By David Michael Newstead.
When I was a kid, my dad died. And for years, we kept receiving mail that was addressed to him in one form or another. Usually, it was junk mail or things like that and not anything of substantive importance. But it kept showing up regardless.
I moved away after high school, but periodically relatives would confuse our names and they’d end up giving me my deceased father’s mail, thinking that it was for me. At the time, I found these mail mix-ups very irritating since this continued well into my late twenties and it served as another reminder that my father was absent from my life.
I mention this story now, because, in part, it’s the analog version of a phenomenon that’s mostly moved online and I’m left perplexed whenever I see it.
For example, I was on Facebook a while back and I looked at the People You May Know section. Confused, I immediately called a friend and asked “Didn’t John Doe die like five years ago?” And he had. Yet, there he was. A profile suspended in time, outlasting its namesake and abandoned by the internet.
Of course, even for the living, it’s not as if everybody takes the time to delete their AOL instant messenger account or their Myspace page. One day, they just stopped using it and moved on to other platforms.
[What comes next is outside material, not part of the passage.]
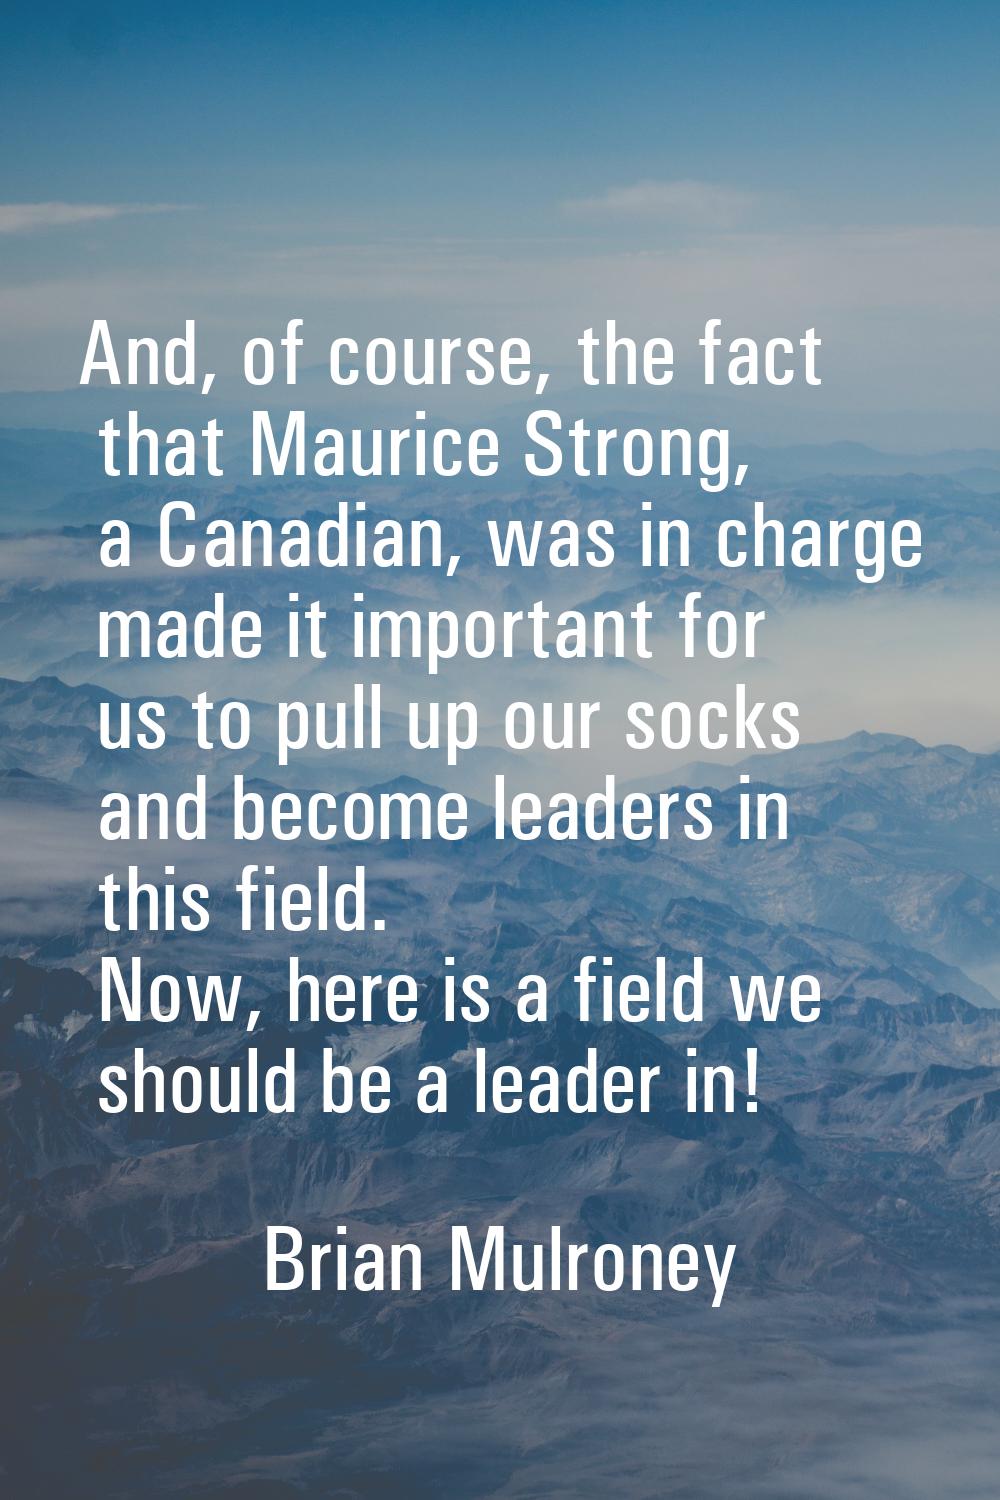 And, of course, the fact that Maurice Strong, a Canadian, was in charge made it important for us to

Again and again and again. So now, our digital selves are scattered all over the internet in bits and pieces from throughout our lives.
To what end? I don’t know.
For how long? I wonder sometimes.
About two years ago, a girl I went to college with passed away suddenly. I hadn’t spoken with her in a long time and I’m still not clear about the circumstances surrounding her death. But to this day, I still occasionally receive junk emails from her email address with spam links to some website.
And it’s a very strange feeling.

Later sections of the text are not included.